I wake up and write another email.

A,

So, who are you today?

What a strange question to ask. But I guess it makes sense. If any of this makes sense.

Yesterday was a hard day. Justin’s grandmother is sick, but instead of admitting he’s upset about it, he just lashes out at the world more. I’m trying to help him, but it’s hard.

I don’t know if you want to hear this or not. I know how you feel about Justin. If you want me to keep that part of my life hidden from you, I can. But I don’t think that’s what you want.

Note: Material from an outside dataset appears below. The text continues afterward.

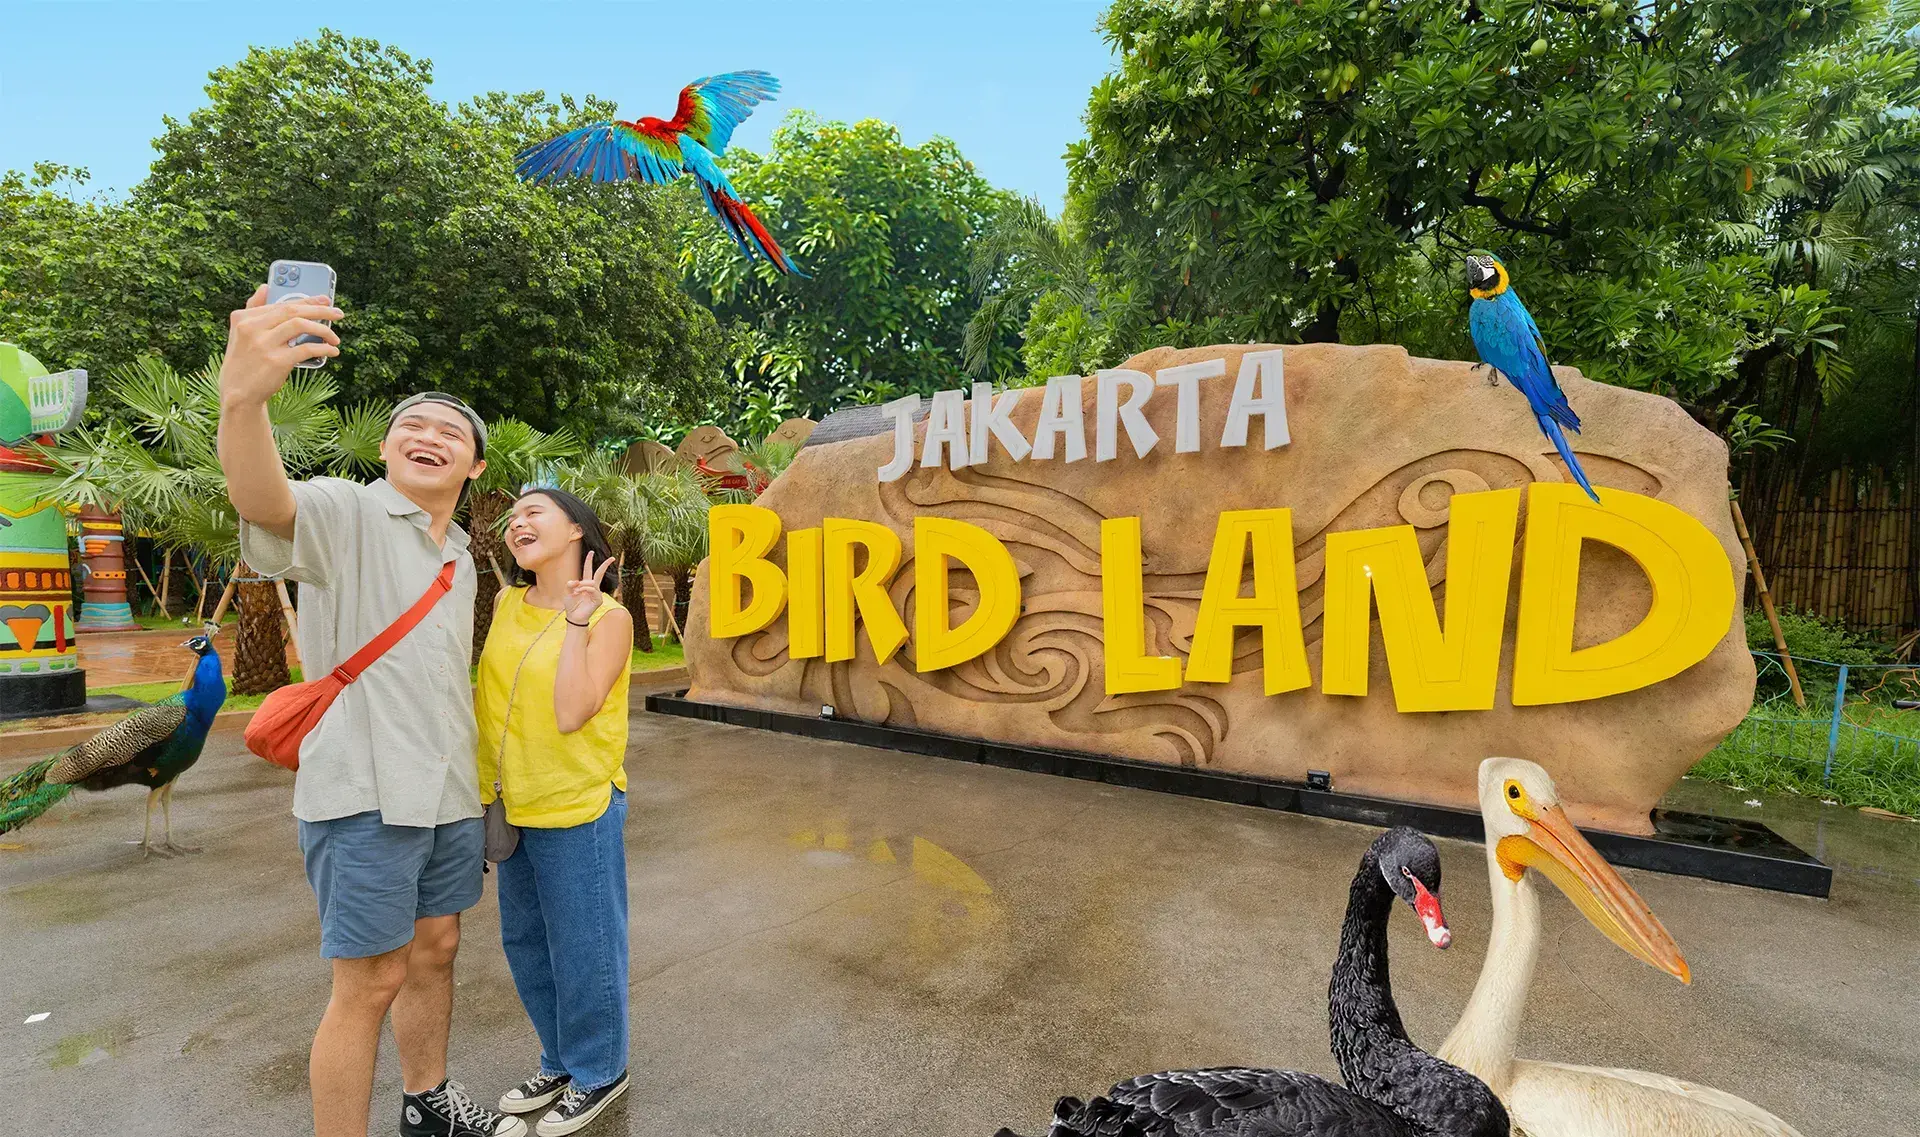 Jakarta Bird Land

Tell me how your day is going.

Rhiannon

This one I do send. I try to act like it’s a normal email that I’d send to a normal friend. Then I try to have a normal day, partly to figure out what a normal day really is. At first it works. I go to school. I go to classes. I go to lunch and sit next to Justin. He won’t commit to any emotion.

When lunch is over, I check my email.

Rhiannon,

Today is a hard day for me, too. The girl whose body I’m in is in a bad place. Hates the world. Hates herself. Is up against a lot, mostly from the inside. That’s really hard.

When it comes to you and Justin, or anything, I want you to be honest with me. Even if it hurts. Although I would prefer for it not to hurt.

Love,

A

I try to return to normal. I try not to imagine where A is, what that body looks like. Justin has work, so I’m on my own after school. I check my email again and find a cry for help.

I really need to speak to you right now. The girl whose body I’m in wants to kill herself. This is not a joke.

There’s a phone number. I call it right away.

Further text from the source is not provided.